Max Verstappen swaps RB21 for GT4, nails Nürburgring laps and a sub-class win on path to Nordschleife permit

Max Verstappen showed up at the Nürburgring on Saturday, not to crush another qualifying lap in an F1 car, but to do something far more modest on paper and much trickier in practice: log the miles he needs to earn his Nordschleife race permit. He did that—and looked annoyingly quick while he was at it.

Sharing the #980 Porsche Cayman GT4 with sim-racing ally Chris Lulham in the NLS7 four-hour race, Verstappen finished first in the CUP3 guest sub-class (CUP3(G)), seventh among all CUP3 runners, and 27th overall. It wasn’t a win in the headline class, but it was a clean, clinical display of racecraft against cars with considerably more shove.

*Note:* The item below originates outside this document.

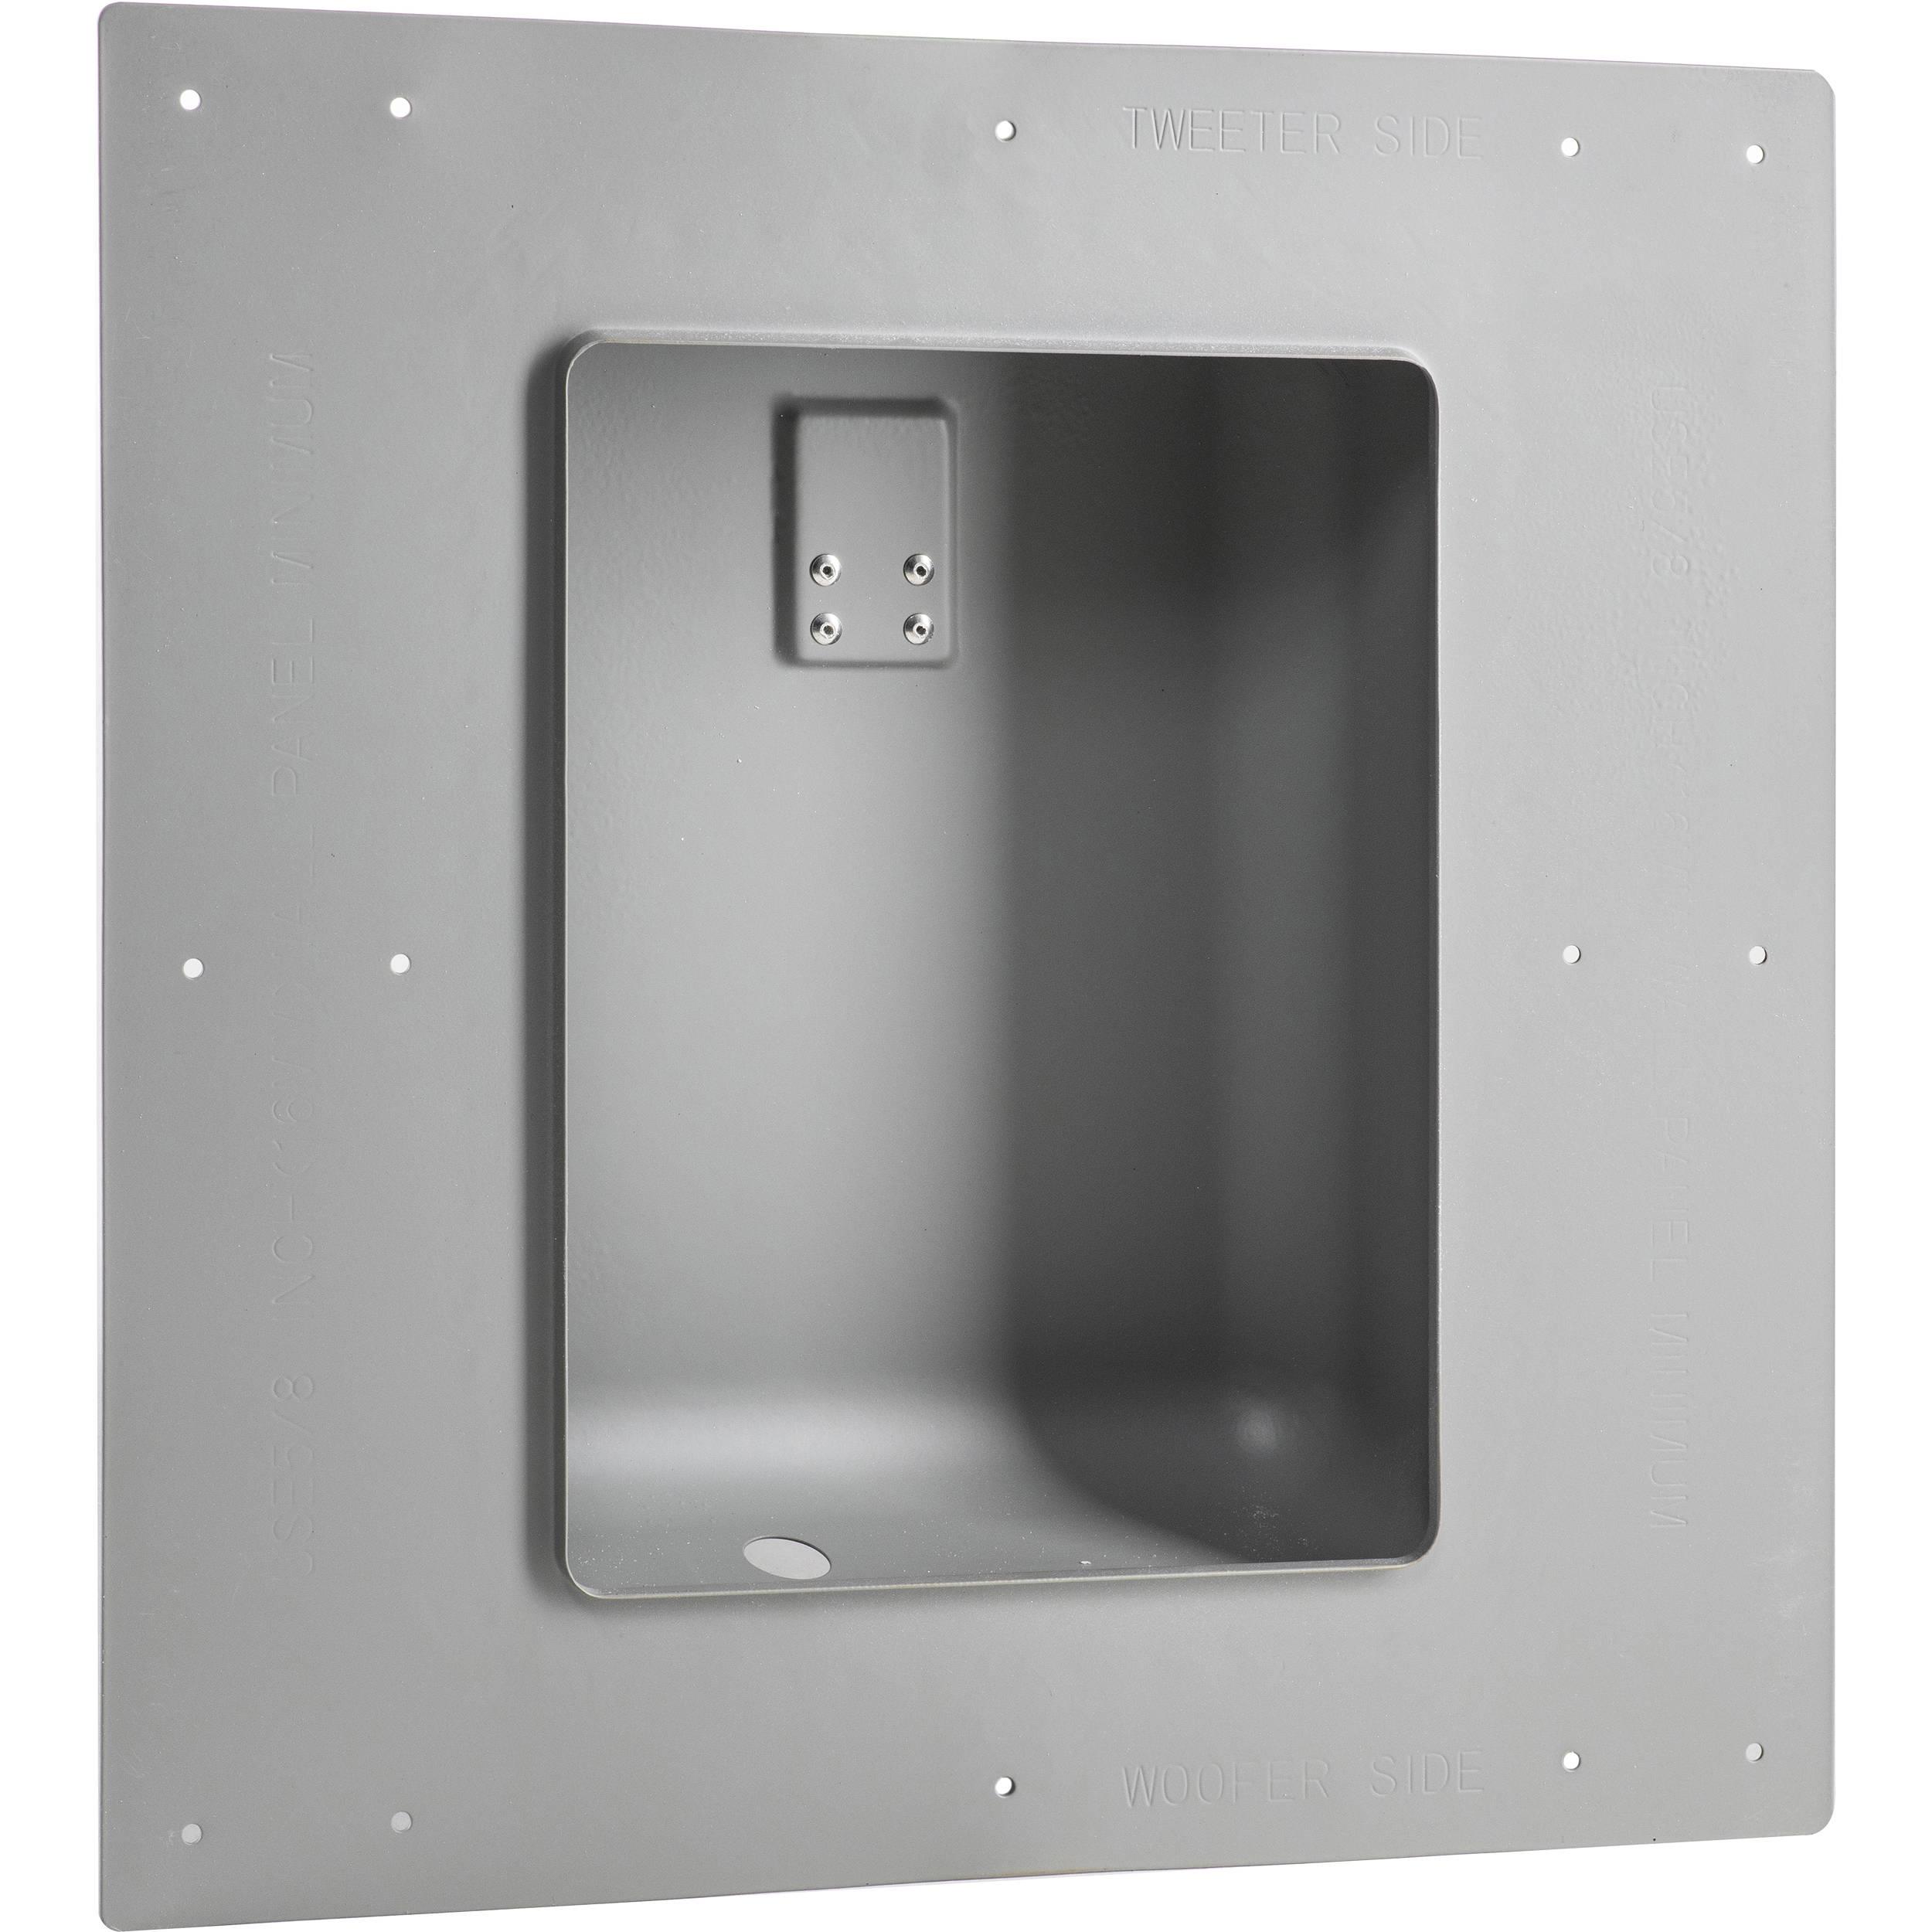 JBL Fire & Plenum Rated Steel Backbox for Studio 2 8IC Speaker

That last bit matters. Because he hasn’t yet completed the licensing steps for the Nordschleife, Verstappen’s GT4 had to run with roughly 300bhp—well down on the usual 425bhp for the category. Even so, he qualified sixth in CUP3 outright and a yawning 25 seconds clear of the next-quickest guest-class CUP3 car after a wet morning session that dried before lights out. Detuned on the straights, full-tilt in the corners. You know the drill.

When the race went green, the deficit told. He was mugged on the run to Turn 1 and again on the long flat-out sections, but the reigning F1 World Champion stayed glued to quicker machinery once the road started writhing and climbing. Through traffic and changing grip, Verstappen settled into a metronomic rhythm at around the nine-minute mark, keeping faster PRO, AM and PRO/AM CUP3 cars in sight, and crucially, banking the laps he needed.

The box-ticking wasn’t the story, though. The way he did it was. Even from the second of three start groups, Verstappen made higher-powered entries sweat by simply refusing to give up time in the technical bits. He managed the stint, looked after the tyres, and built a comfortable buffer to the other CUP3(G) runners before peeling into the pits just after half-distance.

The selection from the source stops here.